The Executive Officer of Afriglobal Insurance Brokers Limited, Mr. Casmir Azubuike said the Nigerian insurance industry is going through digital transformation to boost its acceptance.
Azubuike said this in a presentation titled ‘Changing the face of insurance practice’.
He said, “The Nigerian insurance industry is evolving from analog to a digitally-driven industry.
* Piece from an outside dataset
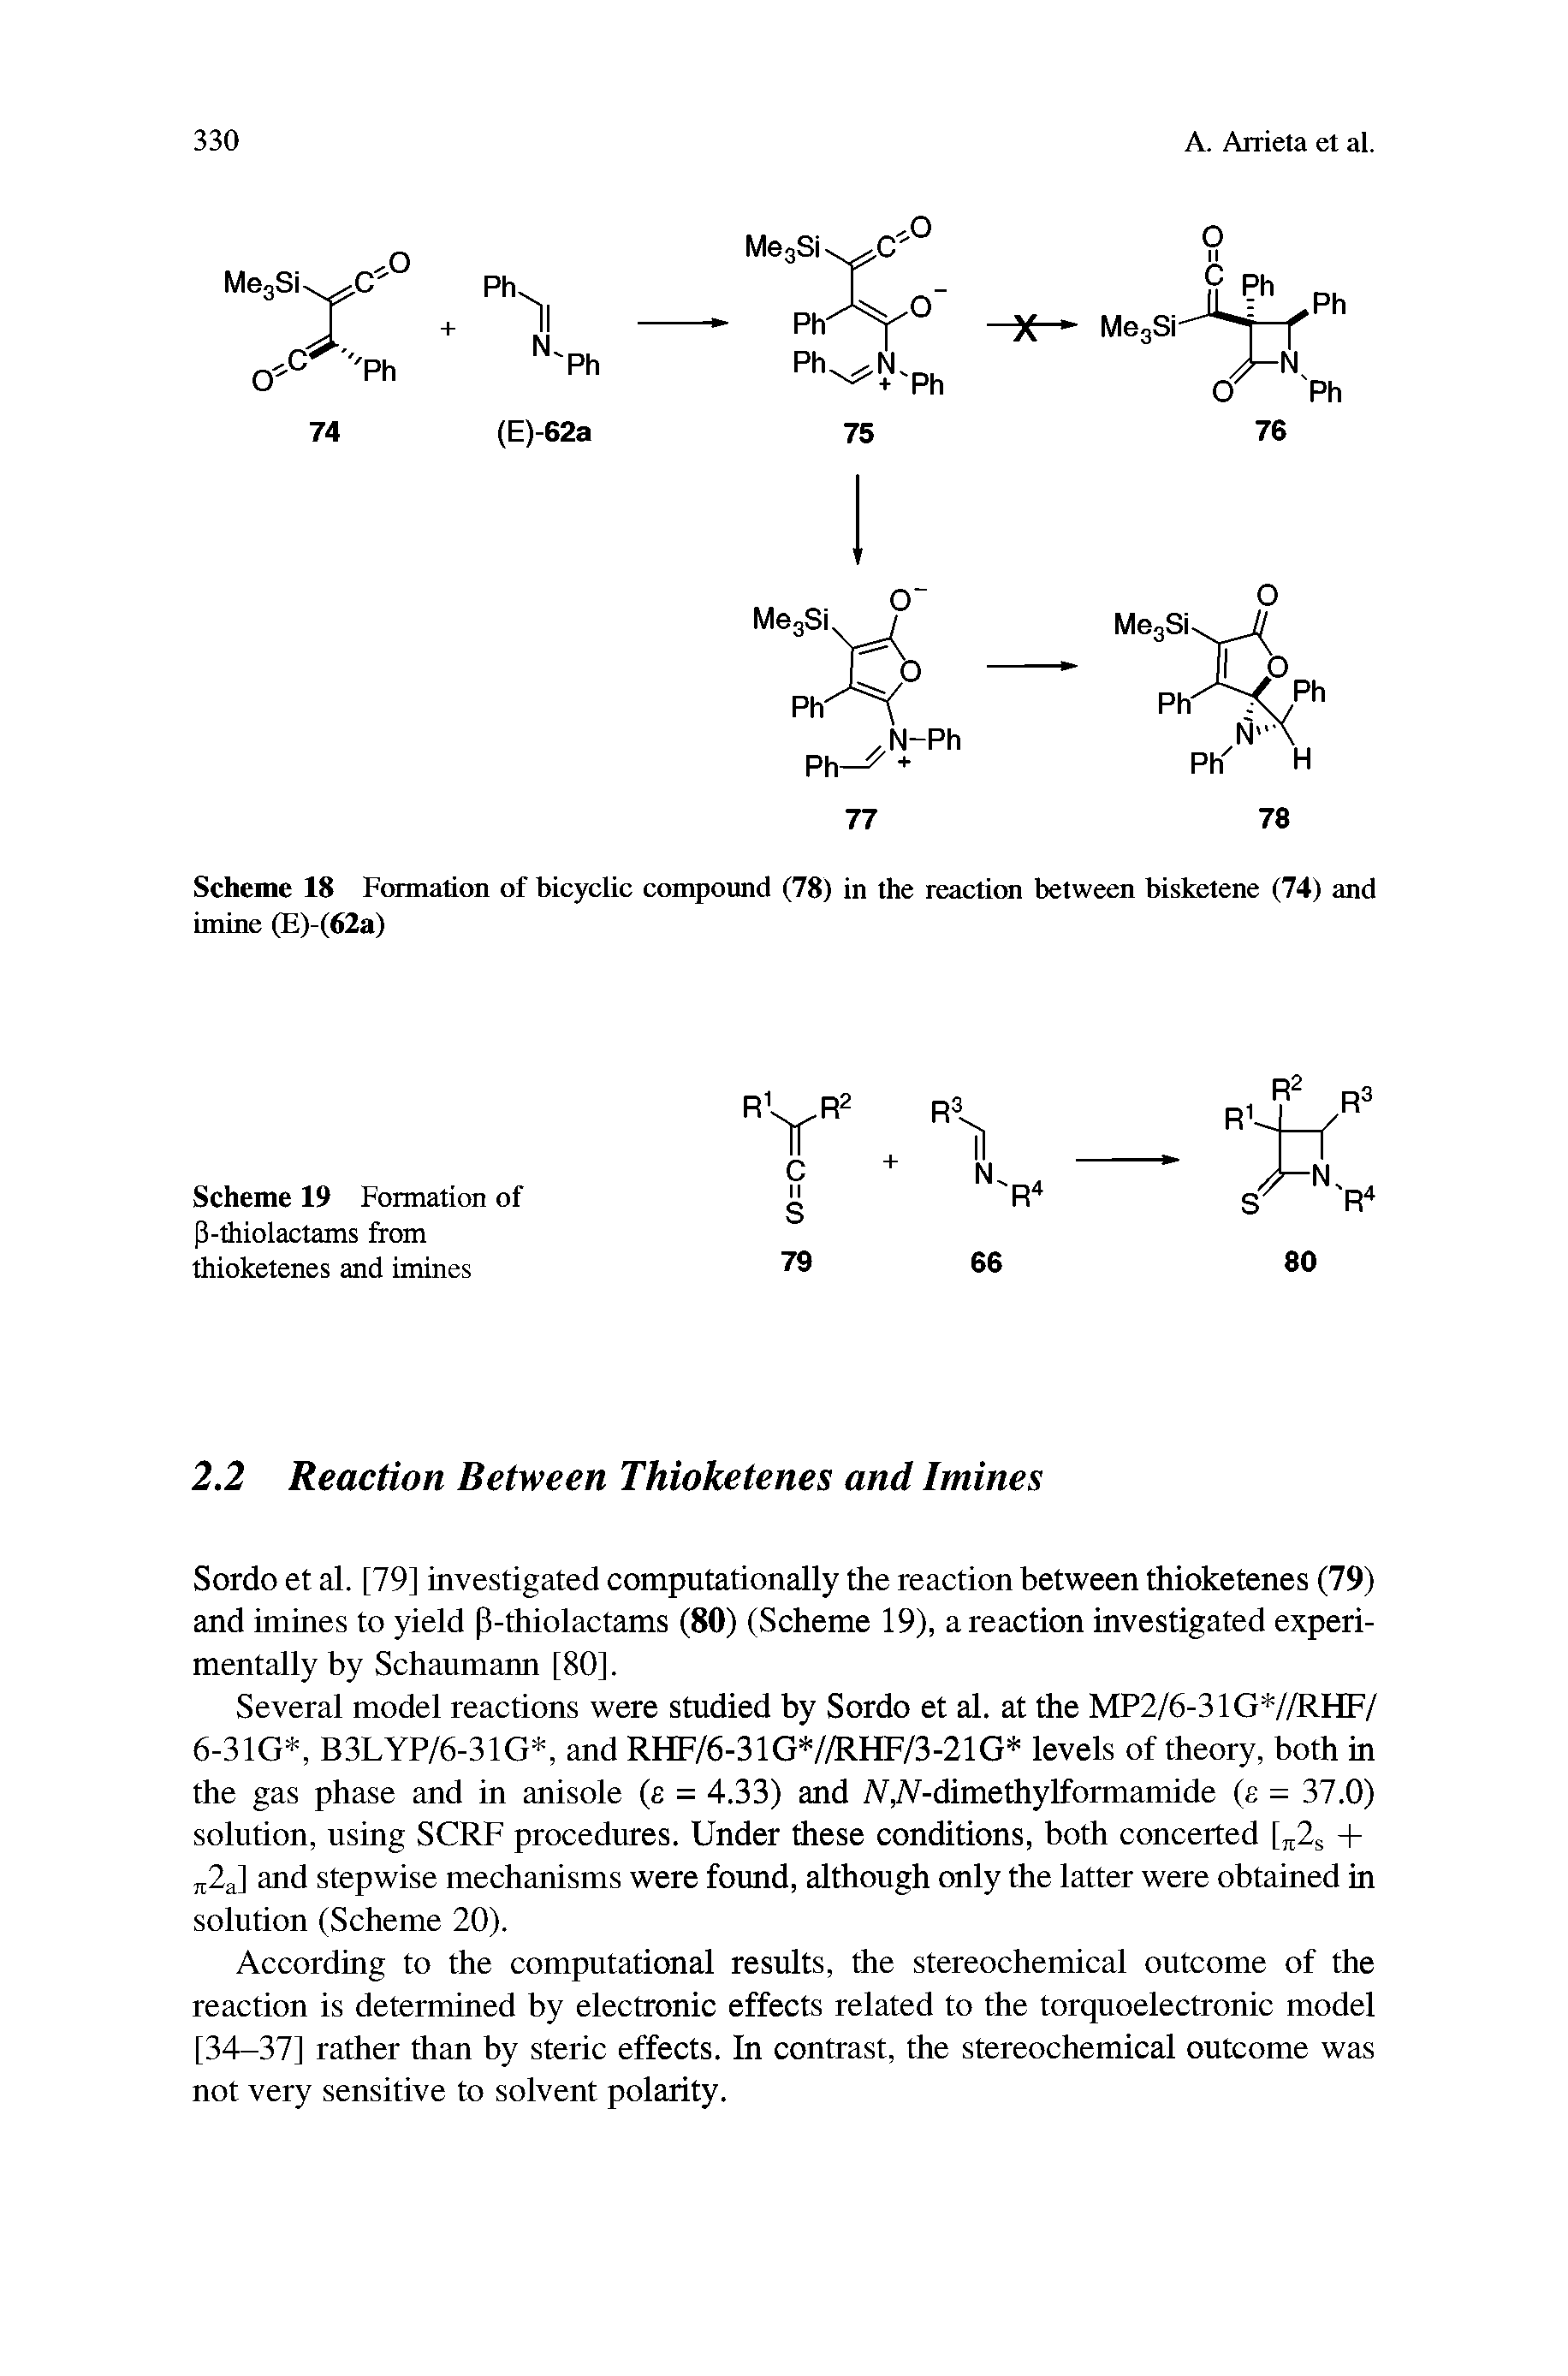 Scheme 19 Formation of (3-thiolactams from thioketenes and imines...

Office processes are getting automated, manual registers and records are being phased out, policy and clients’ statistics are now being gotten electronically, policy documents are being generated and transferred electronically.
According to him, the insurance industry was in the past reputed for poverty, extreme conservatism, hungry and dishonesty, among others.
“The insurance industry of today has succeeded in reversing this negative image,” Azubuike said.
According to him, insurance firms’ offices and brokers now own or occupy magnificent structures located in high-brow areas, while employees are now well-remunerated, with attractive conditions of service.
He, however, noted that the industry was still grappling with challenges.
According to him, the challenges include poor product knowledge, laundering the poor image of the industry, achieving the desired penetration level, reversing the industry’s poor contribution to the GDP, addressing the low underwriting capacity issues, slow adoption of technology, poor leadership giving rise to financial mismanagement, and weak governance and regulatory bottlenecks.
He said other challenges were unavailability of reliable statistical data, lack of innovative products that addressed clients’ needs, and unprofessional and unethical conduct by practitioners, among others.
He said the face of insurance practice in Nigeria had been over the years characterised by poor image and very poorly embraced by the public.
However, he added, conscious efforts were being made by practitioners to launder the image.
“Much as some level of success are being recorded, the greater national challenges of corruption begotten by the very poor standard of living is making it difficult for the efforts to yield as expected,” he said.
According to him, the very low per capita income has relegated insurance to the least in the priority list.
“Therefore, from public alienation, the industry is beginning to experience increasing acceptance to total invigoration,” he said.